## DATA SHOWN
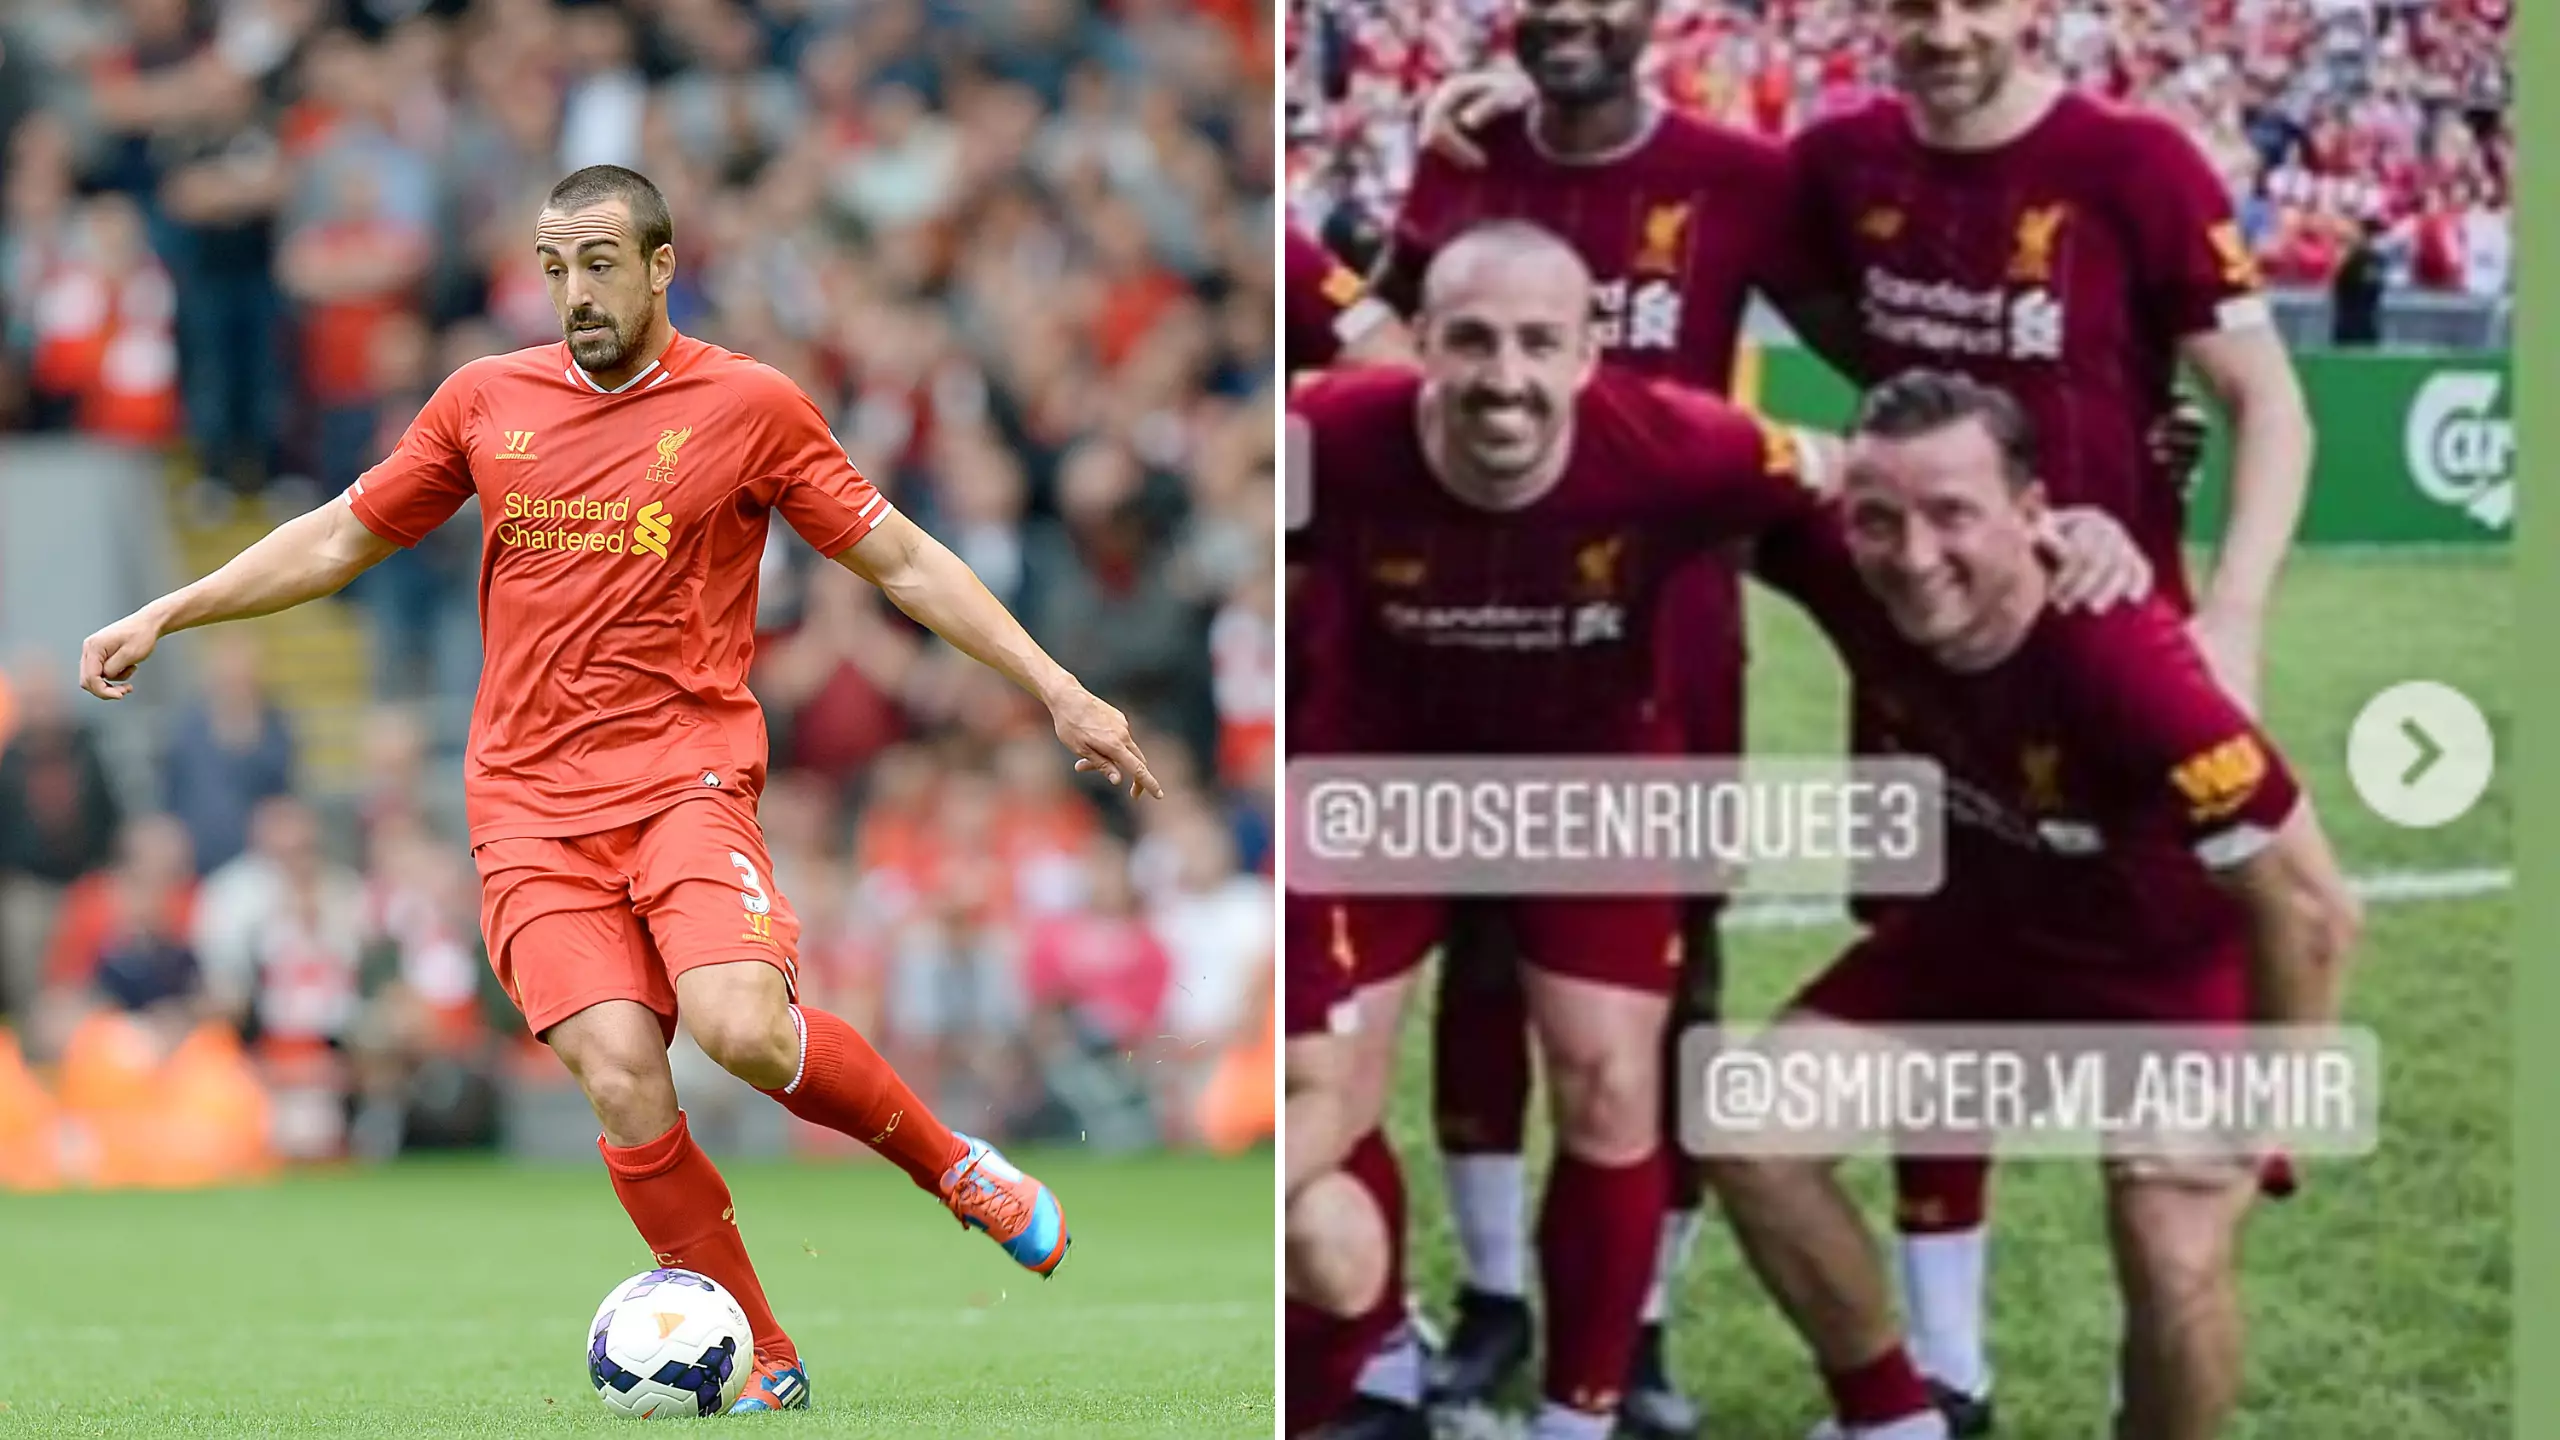 Jose Enrique Has Played For The First Time Since Beating Brain Cancer
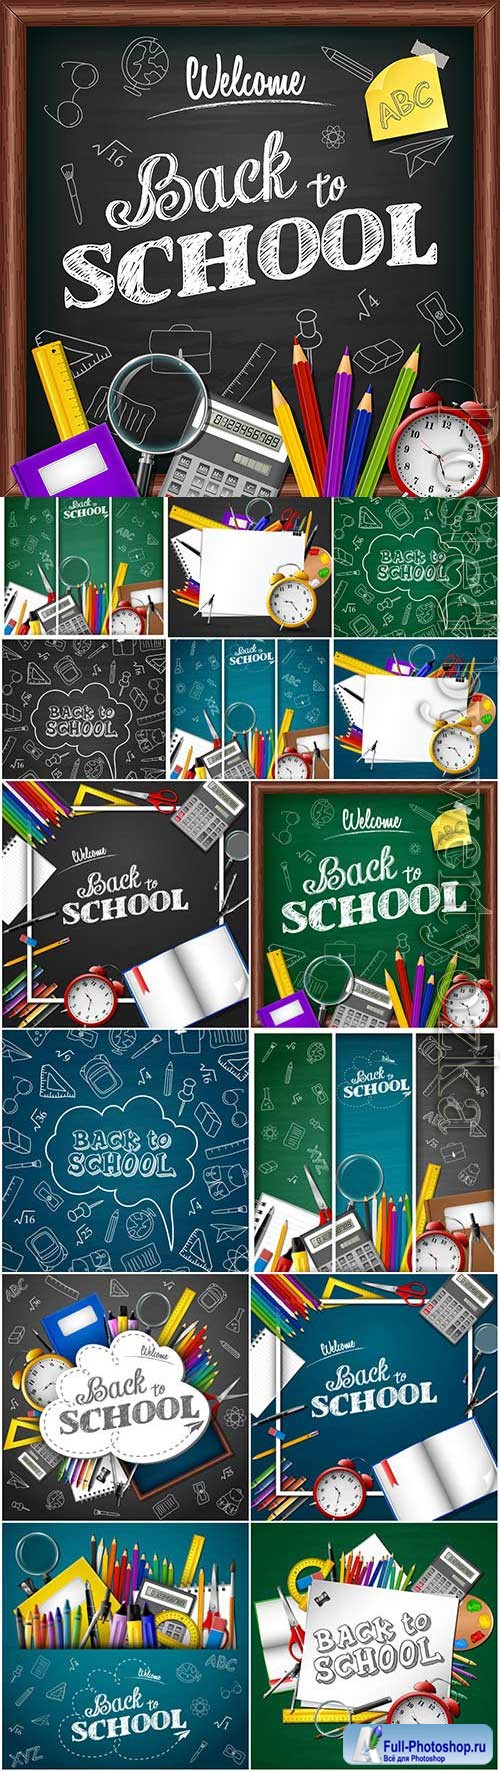 Back to school posters in vector
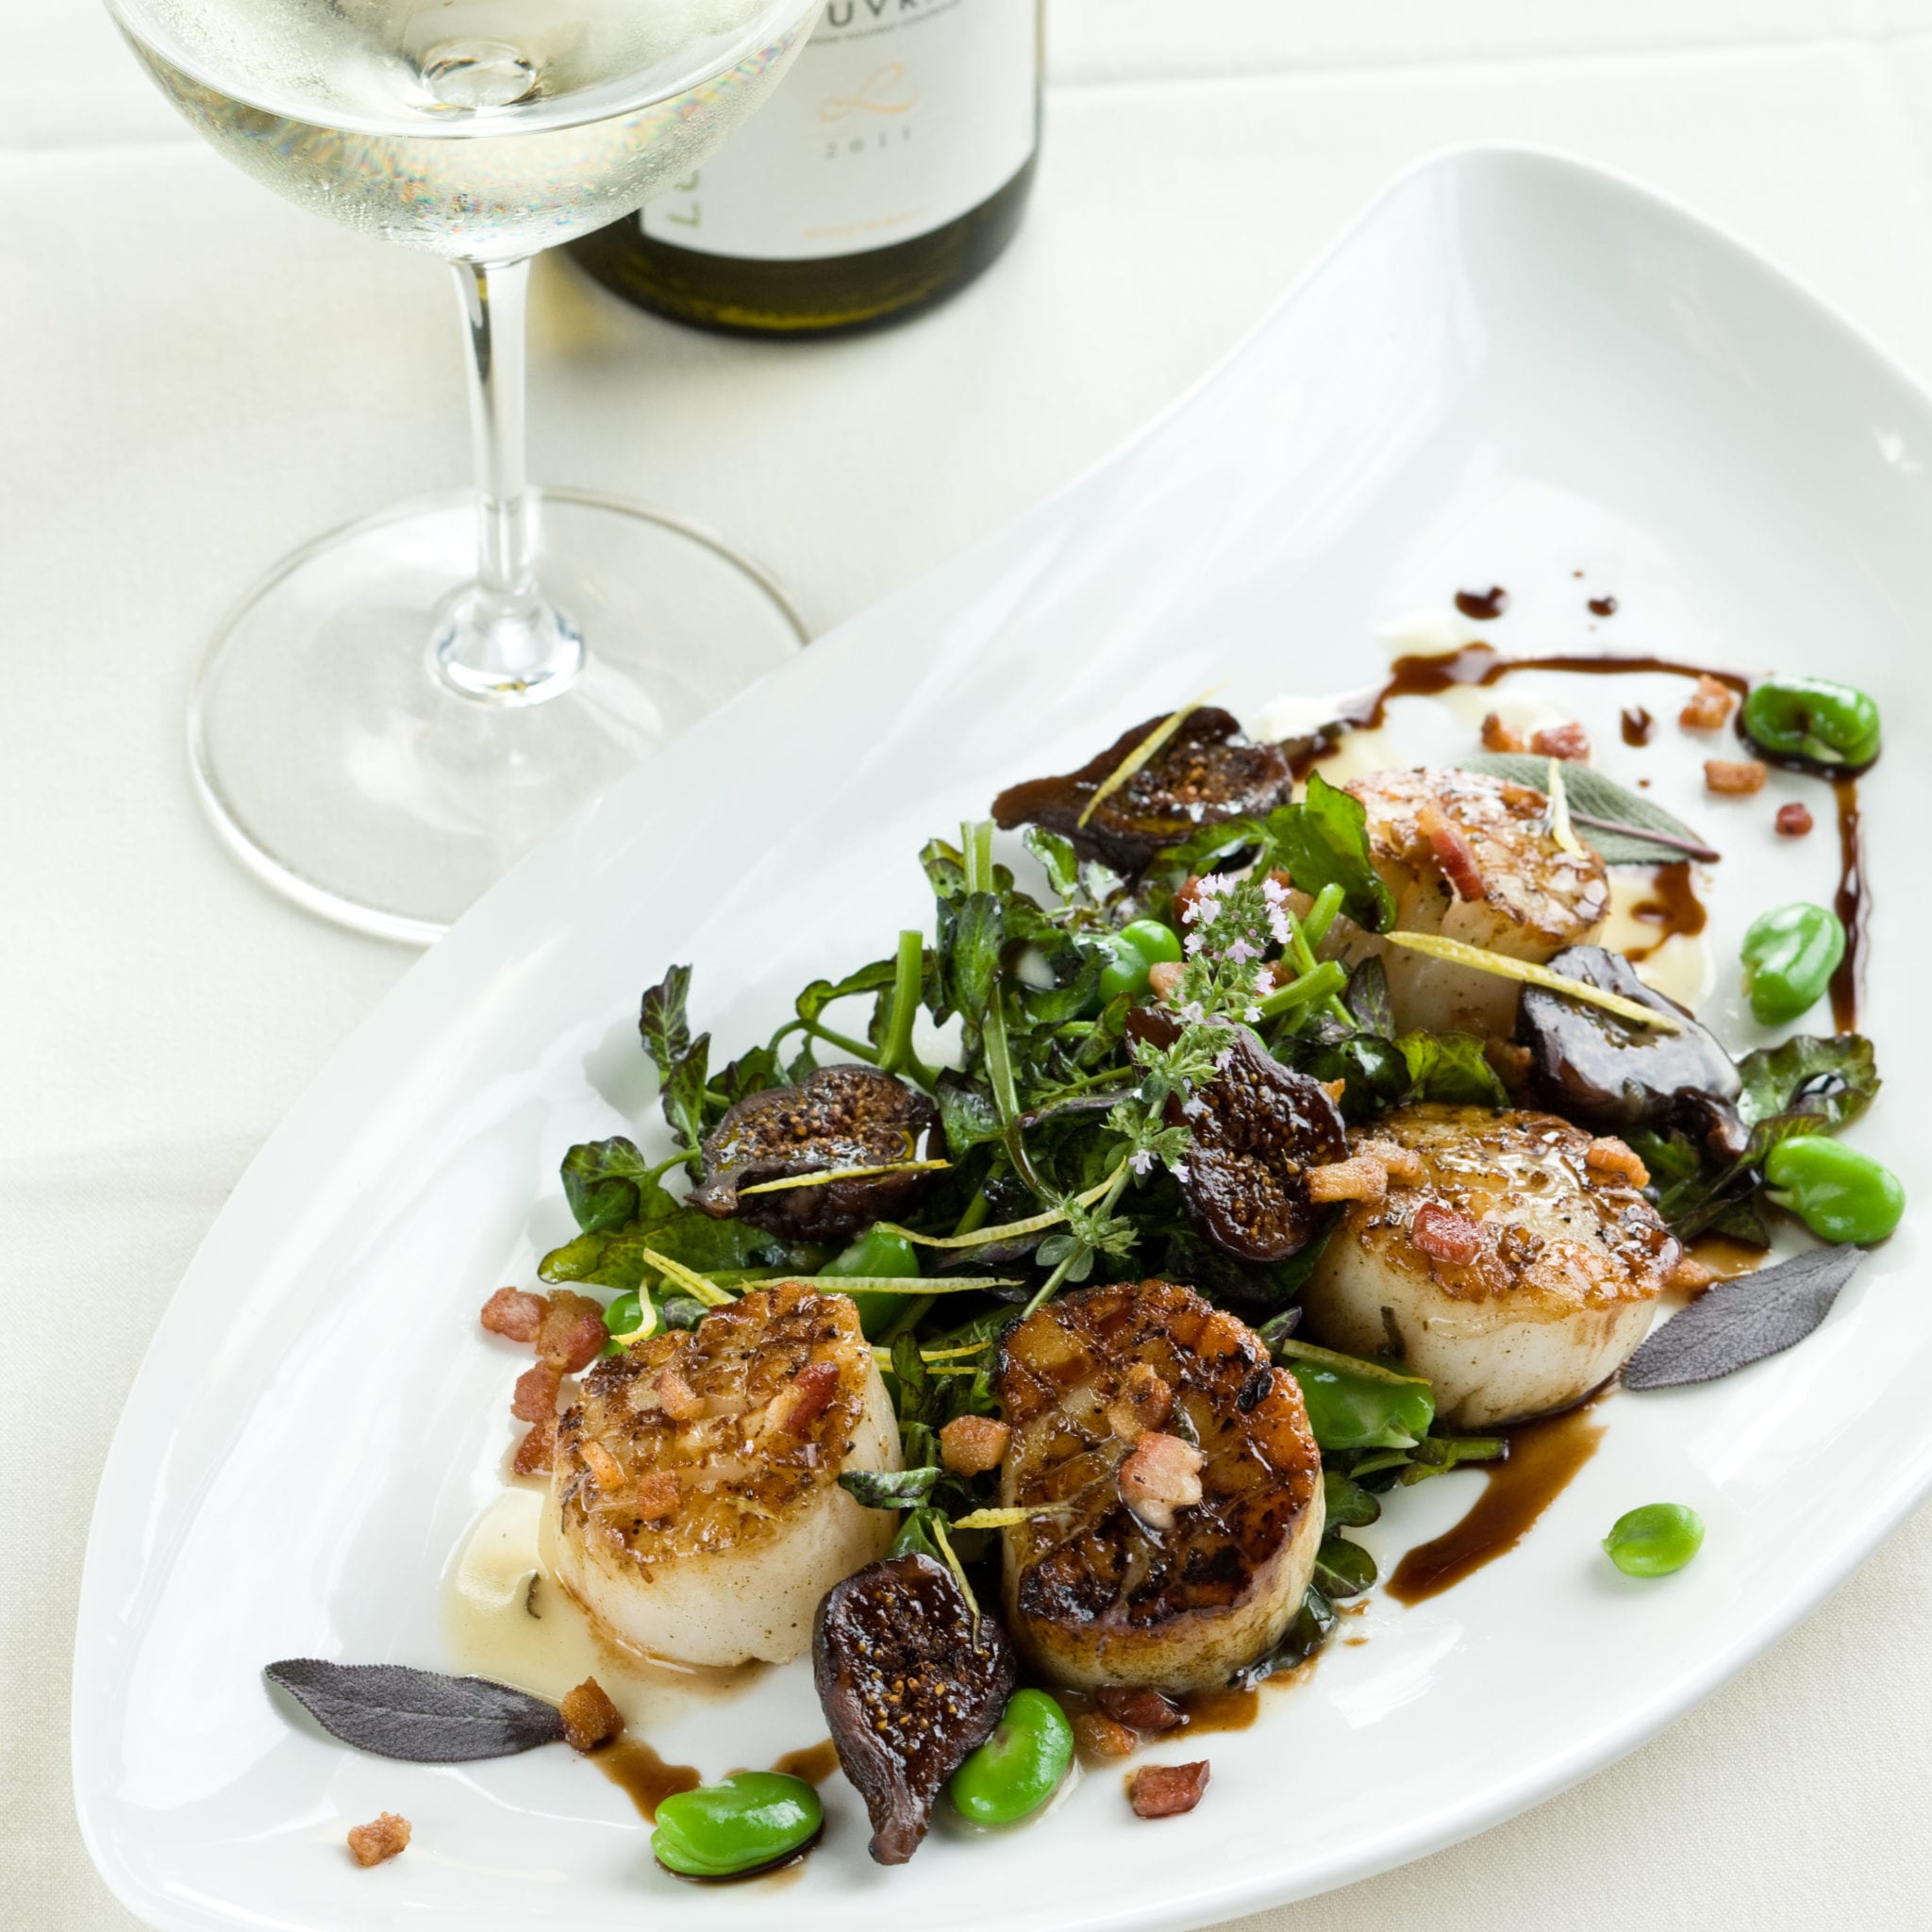 Seared-Diver-Scallops-with-Caramelized-Fig-Bentons-Bacon-Fava-Beans-and-Sage-Brown-Butter.jpg

## TASK INSTRUCTIONS
Before you return the listing exactly, strip out its pictures.

## RESULT FOR THIS EXERCISE
 Jose Enrique Has Played For The First Time Since Beating Brain Cancer
 Back to school posters in vector
 Seared-Diver-Scallops-with-Caramelized-Fig-Bentons-Bacon-Fava-Beans-and-Sage-Brown-Butter.jpg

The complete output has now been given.